In the same year, other key findings were published with regards to the miR143/145 gene cluster role in SMC differentiation. Cordes et al. reported that myocardin upregulated miR-143 and 145 expression culminating in the induction of SMC marker gene expression and myofilament formation (Cordes et al., 2009b). Boettger et al. demonstrated that, VSMCs from a miR-143/145 KO mouse exhibited VSMCs which did not express calponin, smoothelin, which are key contractile VSMC markers. The structure of the arteries also lacked myofilamentous cytoskeletal organisation, suggesting the key role that miR- 143/145 gene cluster plays in the development of the vasculature and again highlighting its potential use as a therapeutic to regain vessel homeostasis after injury (Boettger et al., 2009).
1.6.2.3 miR-221
miR-221 has also been implicated as a potential key regulator of VSMC phenotype, through action via the PDGF signalling pathway.

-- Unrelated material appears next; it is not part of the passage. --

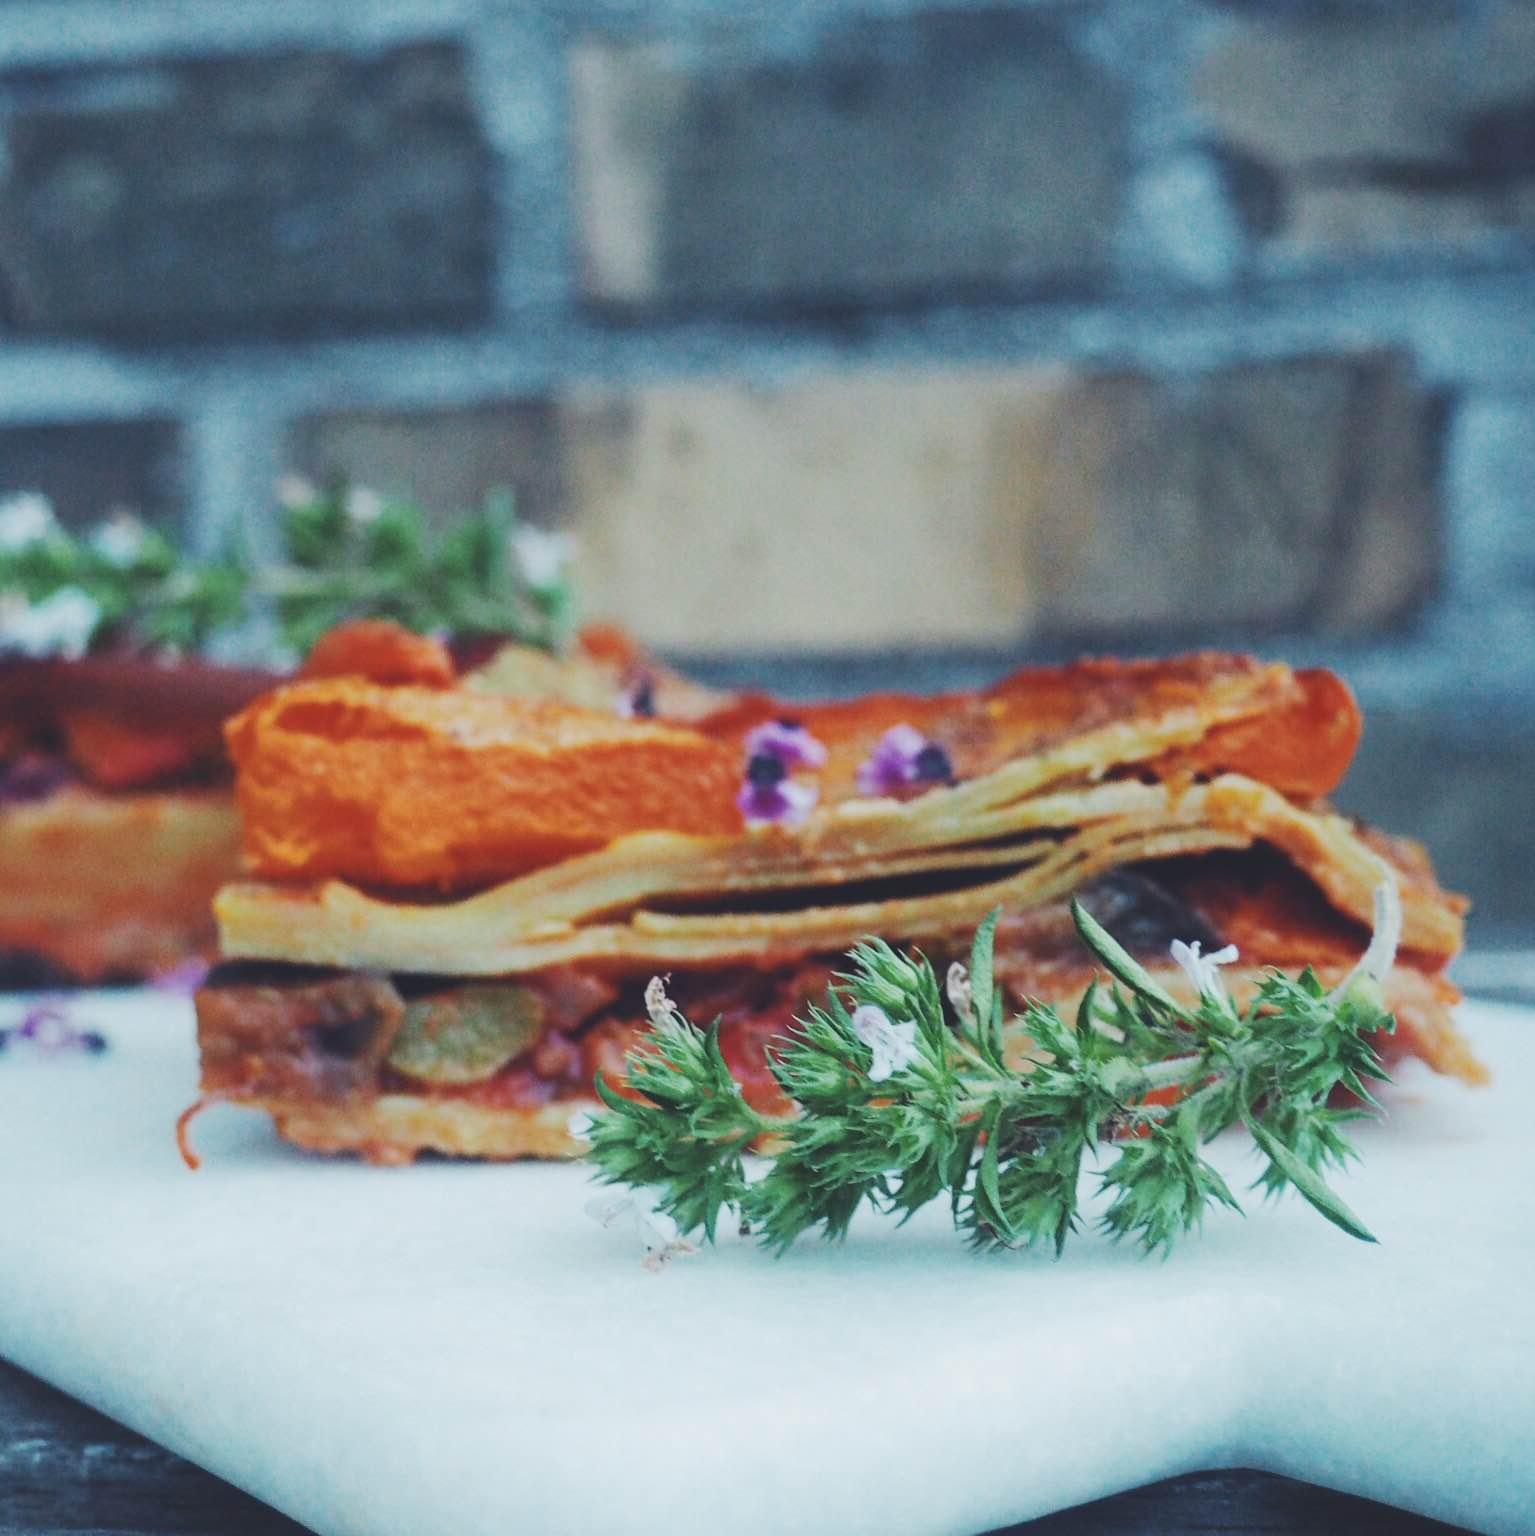 Vegansk græskarlasagne med bønner og græskar

PDGF is well known to promote neointima formation inducing SMC phenotype switching. In a study directed by Davis et al.,miR-221 was found to be transcriptionally induced by treatment of the VSMCs with PDGF, leading to downregulation of p27Kip1. The action of miR-221 on p27Kip1 was shown to be essential for PDGF induced VSMC proliferation (Davis et al., 2009). These findings provide another example of how miRNAs play an important role in the maintenance of SMC behaviour, which leads to the development of them being used as potential therapeutics within the setting of stent deployment. In this case, if a miR-221 inhibitor was administered immediately after stenting, this could act as a suppressor for the PDGF pathway.
1.6.2.4 miR-92a
Tackling ISR by promoting re-endothelialisation could be achieved by the administration of a miR-92a inhibitor. This has been shown to be highly expressed in ECs but not in VSMCs and has been identified to promote EC proliferation when downregulated in vitro, using a BrdU assay. Delivery of antago-miR-92a has also been shown to be effective at preventing neointima formation in vivo after balloon injury of rat carotid arteries. The mode of action that miR-92a was having on EC function was investigated and it was found that key EC intracellular signalling molecules, c-Jun NH2-terminal kinase (JNK) and extracellular signal-regulated kinase (ERK) were increasingly phosphorylated upon inhibition of miR-92a. In addition, through loss of function assays, mitogen- activated protein kinase kinase 4 (MKK4) and Kruppel-like factor 4 (KLF4) were found to be mRNA targets for miR-92a (Iaconetti et al., 2012).